OK, here's where I sometimes come unstuck, as someone who was a liberal feminist until about a year ago and is still working and thinking through this stuff (with the help of this board):
I accept the importance of biology. TW are not biological women. Sex and gender are different and shouldn't be conflated.
I believe that biology is at the root of sexism. We are oppressed because of our sex and because of gendered expectations and limitations heaped upon us (and on men) from an early age based on our sex.
I'm on board with the need to distinguish between biological women and trans women in certain circumstances, and to reserve certain spaces for biological women.
I agree that we need to fight the erasure of the word 'woman' and of words describing our sexed bodies. We need to be able to talk about menstruation, breasts, pregnancy, menopause etc. as women's issues, because (even if, for the sake of argument, we accept that TWAW are women and TMAM) they are issues that overwhelmingly affect and unite us as women. We need to continue to exist as a sex class, and we need to retain the ability to organise politically to fight oppression.

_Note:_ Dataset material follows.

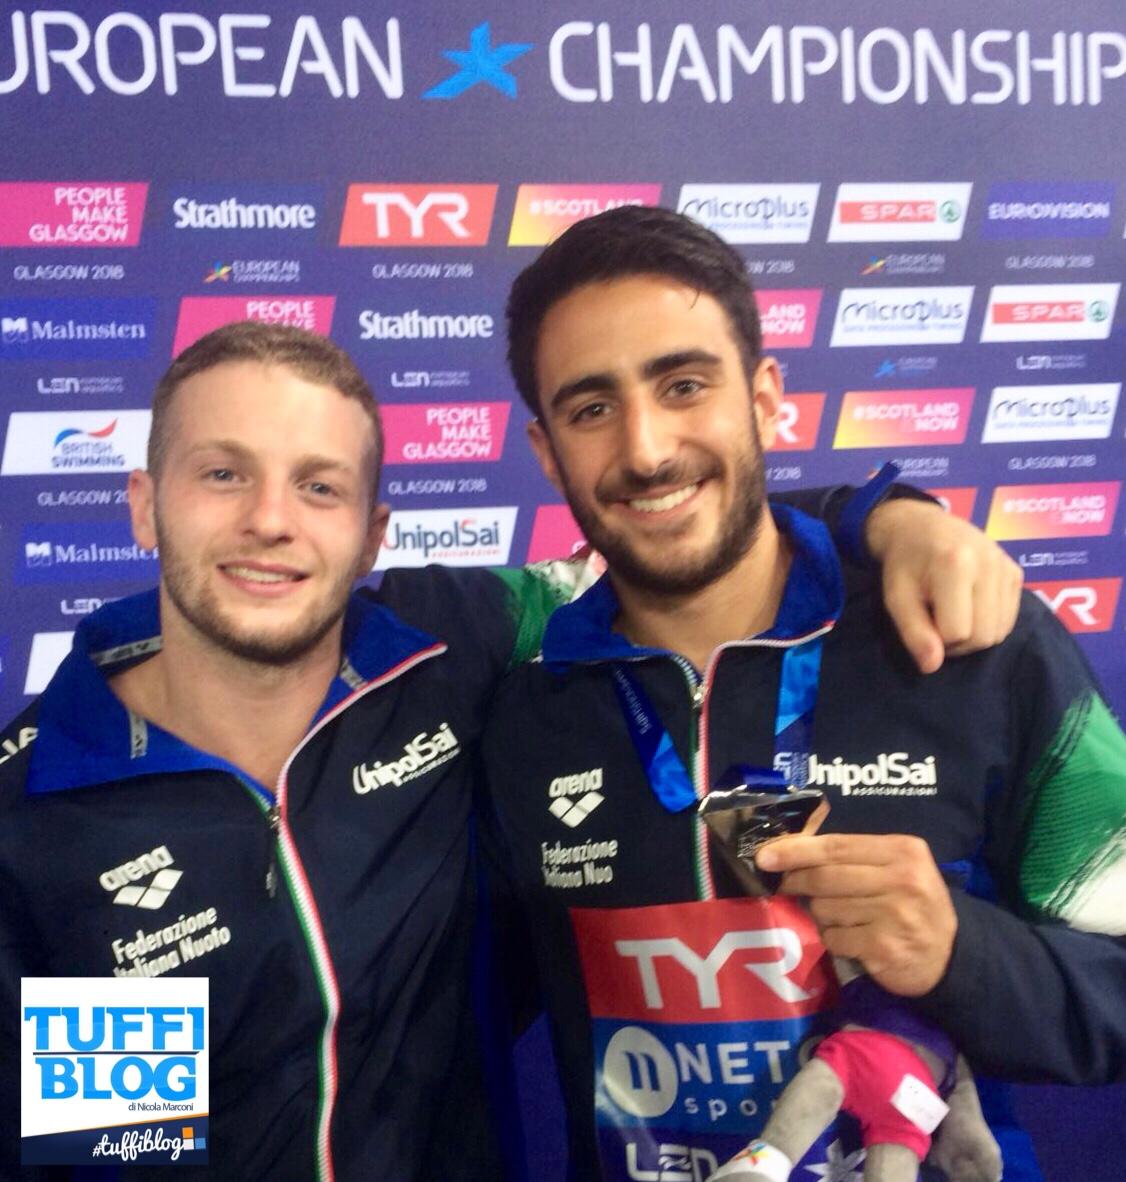 European Championships: Edimburgo - Tocci, rimonta d'argento!!

What I'm unsure about is this: Why is it necessary to always and exclusively define the word 'woman' based on sex? 'Woman' is a word that carries multiple layers of meaning, including aspects that relate to gender (by which, again, I mean the expectations and limitations placed on us based on our sex). It is perfectly normal to me, as a linguist, for words to have multiple, sometimes overlapping, meanings depending on context. I know that this will sound like 'ceding language' to some, but honestly, I think 'woman' and 'man' have always had gender-related meanings as well as sex-based ones. If you'd asked someone in the 15th century to define 'woman', I'm sure you would have got all kinds of shitty gender stereotypes as well as biological facts.
Basically, I don't know if arguing about the definition of the word 'woman' is all that constructive. In the circumstances where you need to limit its meaning to biology, surely you need to specify that anyway, given the scope for confusion and equivocation if you don't? Why can't we say that TWAW, in a certain sense of the word?